# Proving that vector space is a linearly independent subset of bigger vector space

So I have this problem:

Problem

$\left\{x,y,z\right\}$ is a linearly independent subset of another vector V, find the constants a and b such that $\left\{x-ay,ay-z,z-by\right\}$ is also a linearly independent subset of V.

I know that if $\left\{x,y,z\right\}$ is linearly independent then:

$\alpha(x) + \delta(y) + \beta(z) = \vec{0} \rightarrow \alpha = \delta = \beta = 0$

I would assume the same holds true for this:

$\alpha(x-ay) + \delta(ay-z) + \beta(z-by) = \vec{0}$

and I also know $\alpha,\delta,\beta = 0$ since it is linearly independent. However, how do I relate those two combinations, I'm not so sure about how to get a and b, at first I thought I'd just do a system of equations to find a and b but I'm not sure. Can someone help me out with this?

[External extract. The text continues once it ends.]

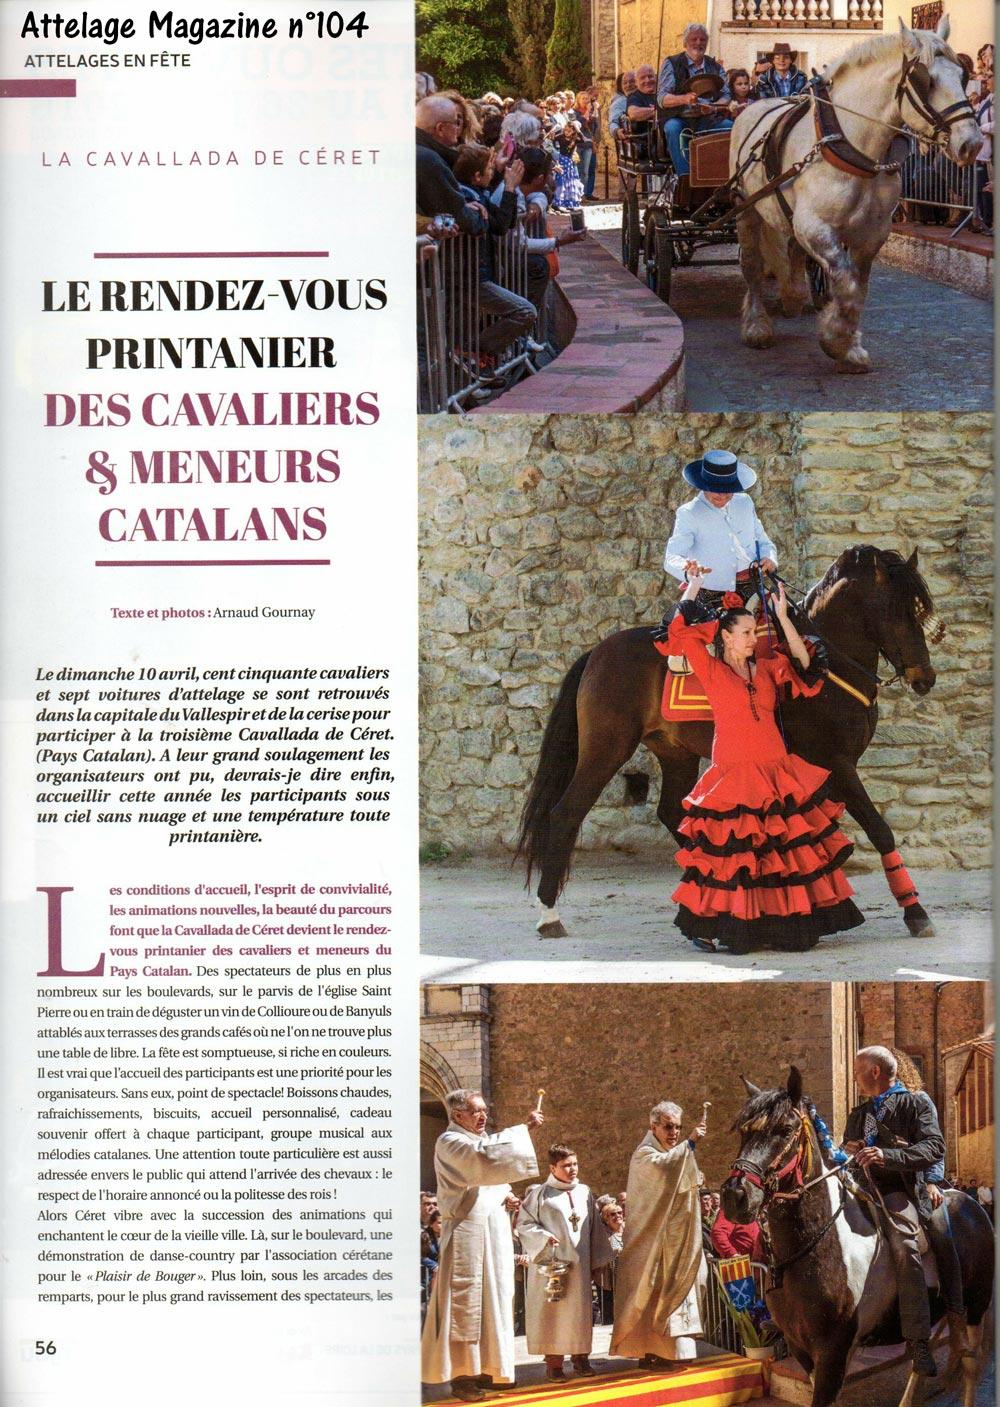 Attelages mag n° 104 page 1
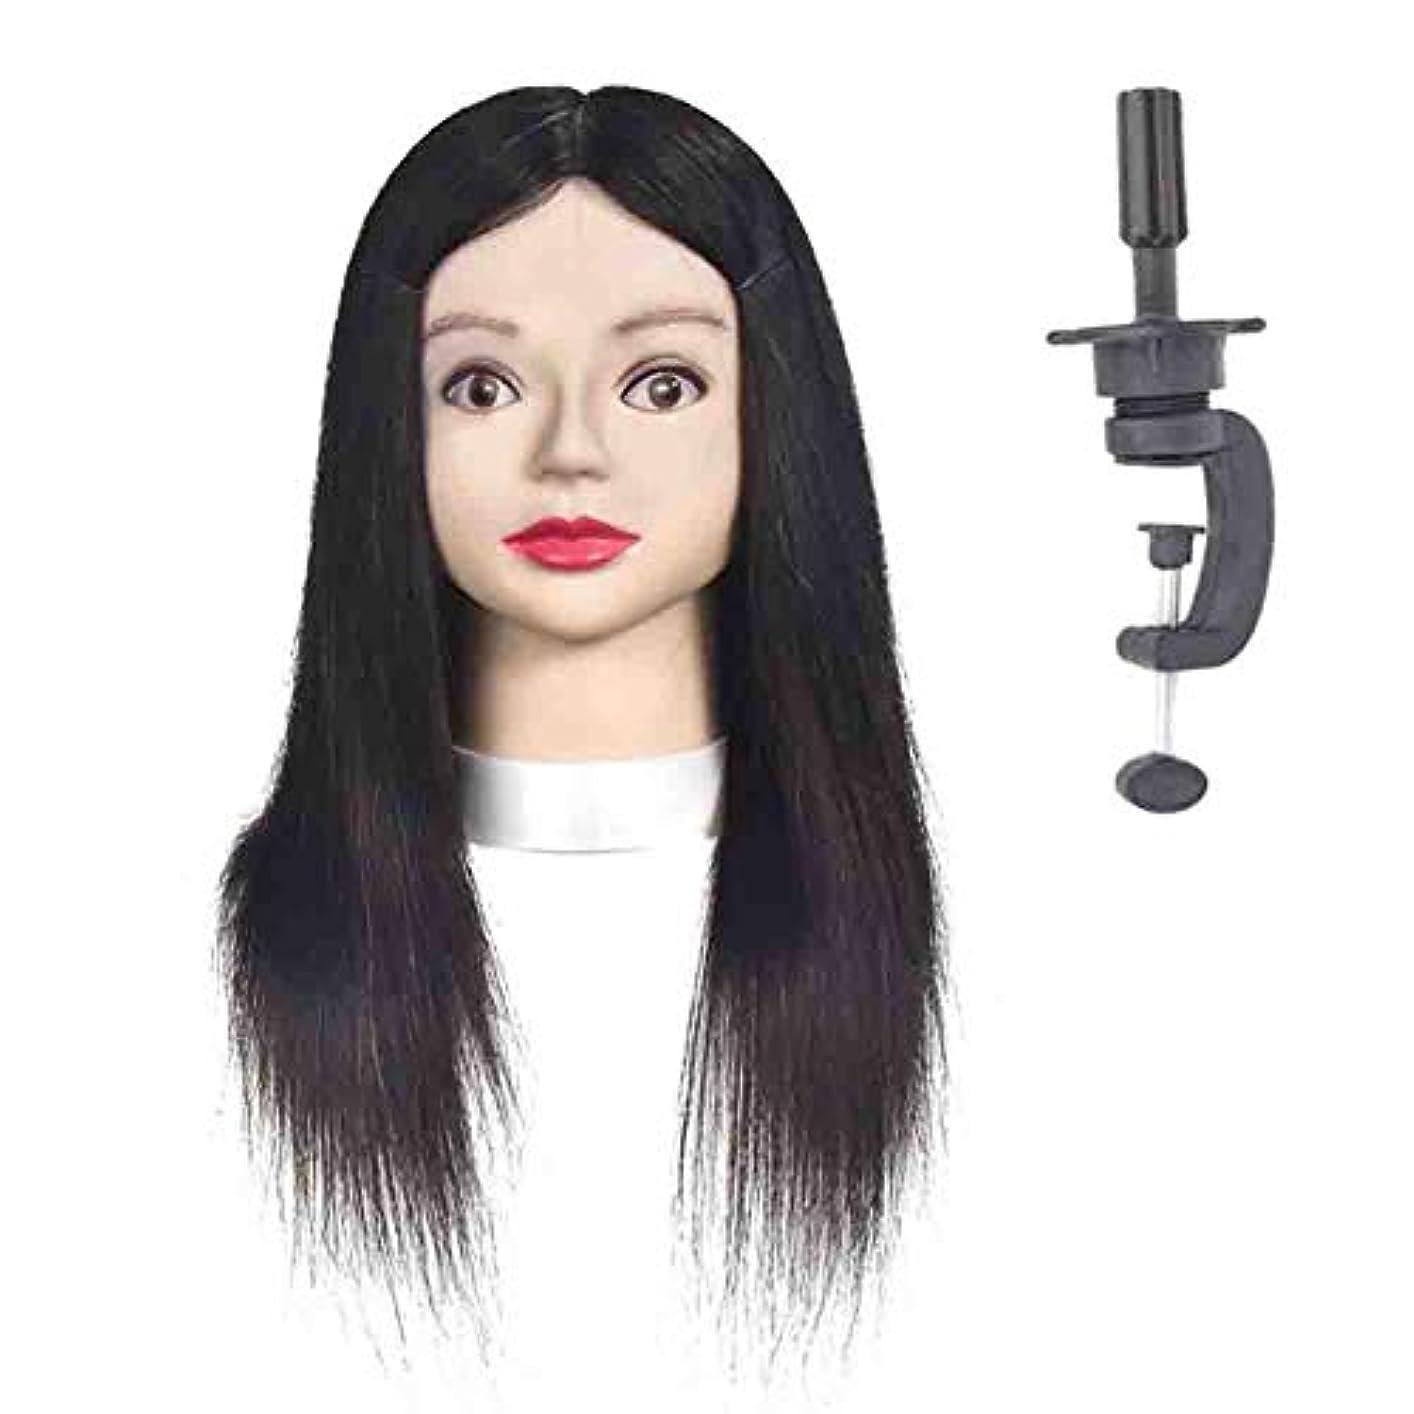 調和ゴミディスカウントリアルヘアシルク編組ヘアスタイリングヘッドモデル理髪店理髪ダミーヘッドメイクアップ練習マネキンヘッド

• You omitted something: If $\{x,y,z\}$ is linearly independent then $\alpha x + \delta y + \beta b =\vec 0$ implies that $\alpha = \delta = \beta = 0$. – aes May 1 '15 at 19:50

Hint: Write $$\alpha(x-ay)+\delta(ay-z)+\beta(z-by)=\alpha x+(-a\alpha+a\delta-b\beta)y+(-\delta+\beta)z$$ Now use the fact that $\alpha x+\beta y+\gamma z=0$ implies $\alpha=\beta=\gamma=0$.